A RAG system only quotes the text you give it
Retrieval-augmented generation, introduced by Lewis et al. in 2020, pairs a language model with a searchable index: a retriever pulls relevant passages, and the model grounds its answer in them. For audio and video, that index is your transcript. Whatever the transcript says is what the model has to work with.
So a sloppy transcript becomes a sloppy answer. In a peer-reviewed study, Feng et al. (2022) found pretrained language models degrade as ASR errors rise, across six understanding tasks, and worse as the noise grows. Retrieval itself tolerates some error, but the model still reads whatever mistakes are in the text and passes them along.
Fix the text before you index it. Turn the recording, or a pasted link, into an accurate, timestamped transcript, then correct the proper nouns, acronyms, and numbers. Retrieval leans on those exact strings, so one bad spelling can bury a passage that should have ranked.
Timestamps and speaker labels are retrieval metadata
A vector store lets you attach key-value metadata to each chunk and filter on it at query time. Pinecone's documentation names document_id, document_title, and chunk_number as example fields, which is how a generated answer points back to its source.
For a transcript, add speaker and timestamp as your own metadata fields. Now every retrieved chunk carries who said it and when, so the model can attribute a claim to a person and a moment, and you can jump straight to that second in the audio to verify it. Speaker-labeled turns give you both the labels and the timing.
Speaker turns also make natural chunk boundaries. Splitting on a turn keeps one person's thought intact instead of straddling two voices, which keeps the chunk coherent when the model reads it back.
How big should each RAG chunk be?
Start around 512 tokens, roughly 2,000 characters, with 25% overlap, per Microsoft's Azure AI Search guidance, then tune to your content. That overlap, about 128 tokens, keeps a sentence that lands on a boundary retrievable from either chunk.
There's a hard ceiling above. OpenAI's text-embedding-3-small and -large accept at most 8,192 tokens of input; anything longer must be chunked, or truncated client-side, before embedding, or the API returns an error. Chunk size is bounded by the model above and by retrieval precision below.
Stay well under that ceiling, though. Liu et al. (2024) showed models use information best at the start or end of the context and degrade for information in the middle of long inputs. A tight, focused chunk puts the relevant line where the model actually reads it.
JSON is the format an ingestion job wants
Export the transcript as structured JSON: an array of cues, each with start, end, speaker, and text.

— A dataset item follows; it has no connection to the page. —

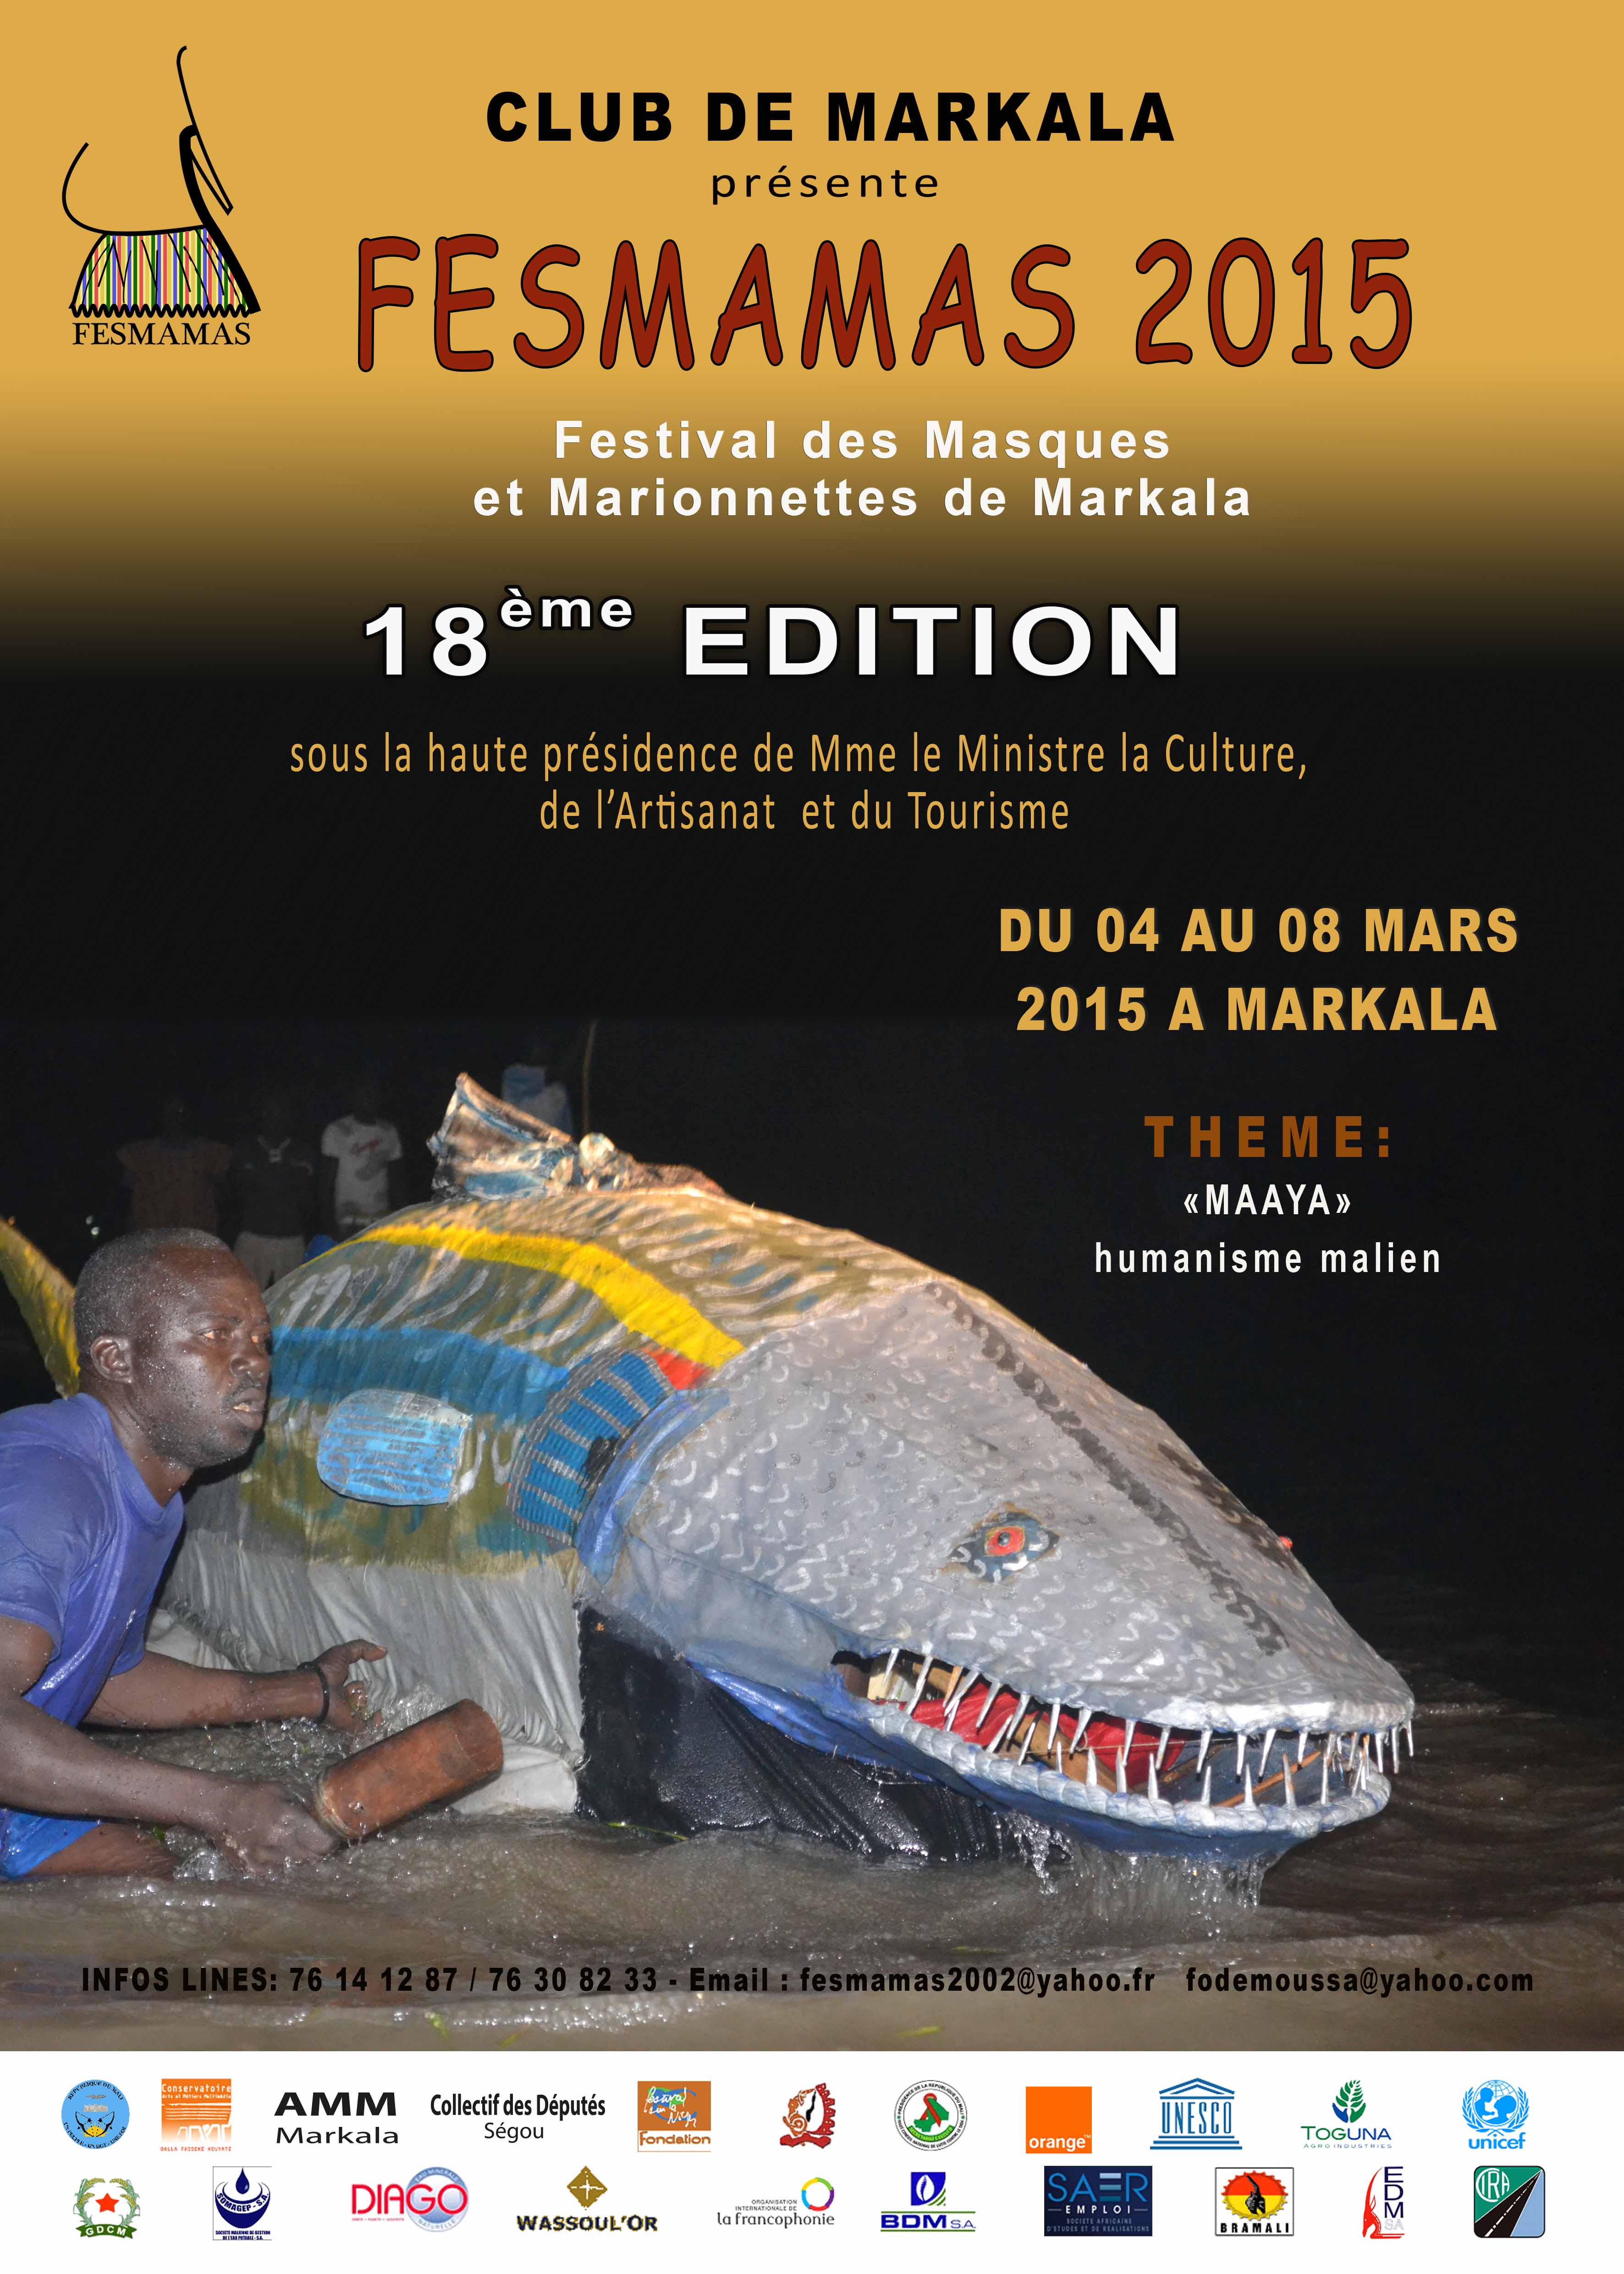 FESMAMAS_2015 - Crédit : Conservatoire des Arts et Métiers Multimédia de Bamako

That shape maps one-to-one onto a chunk plus its metadata, so a cue-level JSON export drops almost directly into an ingestion step.
Plain text throws away the fields you need. A flat TXT means re-deriving the speaker turns and timing you already had, by hand or with a fragile parser. Keep the structure from the first export and you never reconstruct it.

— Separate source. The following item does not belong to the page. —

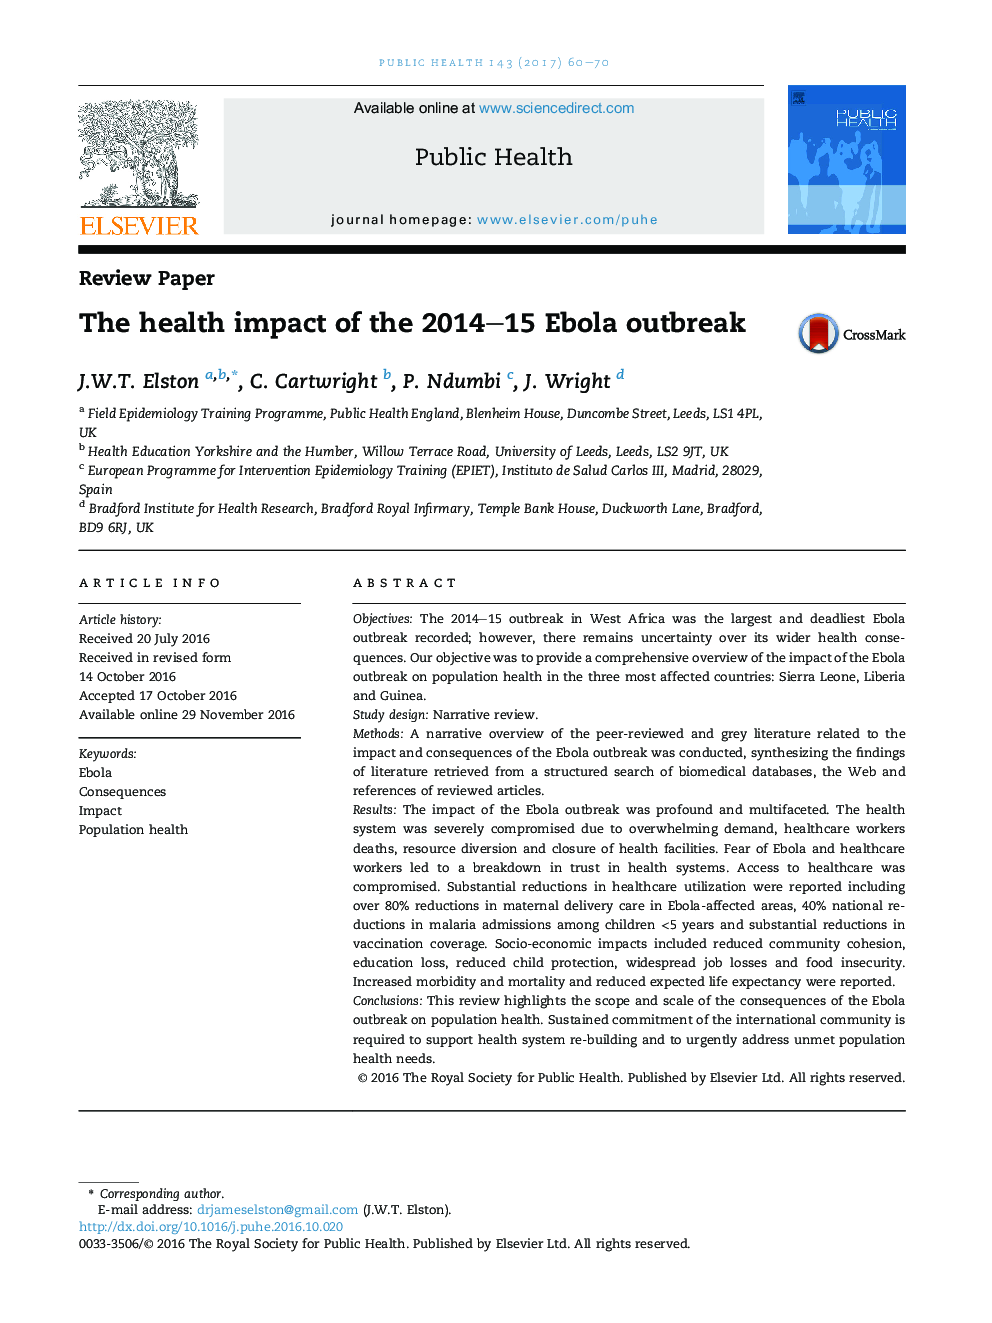 تأثیرات بهداشتی شیوع ابولا 2014-15

At scale, automate the whole path. The transcription API, MCP server, and signed webhooks let you send a file or a link, get structured output back, and push chunks to your vector store without a human in the loop.
What to check before you embed
Give every chunk a stable id. Pair a document_id with a chunk_number, both Pinecone's own example fields, so you can update or delete a single chunk when the source changes, and so each answer traces to one exact line rather than a whole file.
Names, acronyms, and figures carry most of the retrieval signal, so correct them first. A wrong spelling embeds far from the real question, and the chunk stays hidden. Fixing it in the transcript costs less than chasing a silent retrieval miss later.
Re-embed when you change anything upstream. Swap the embedding model or the chunk size and you re-chunk from the stored JSON and regenerate every vector, so the whole corpus is produced the same way and stays comparable.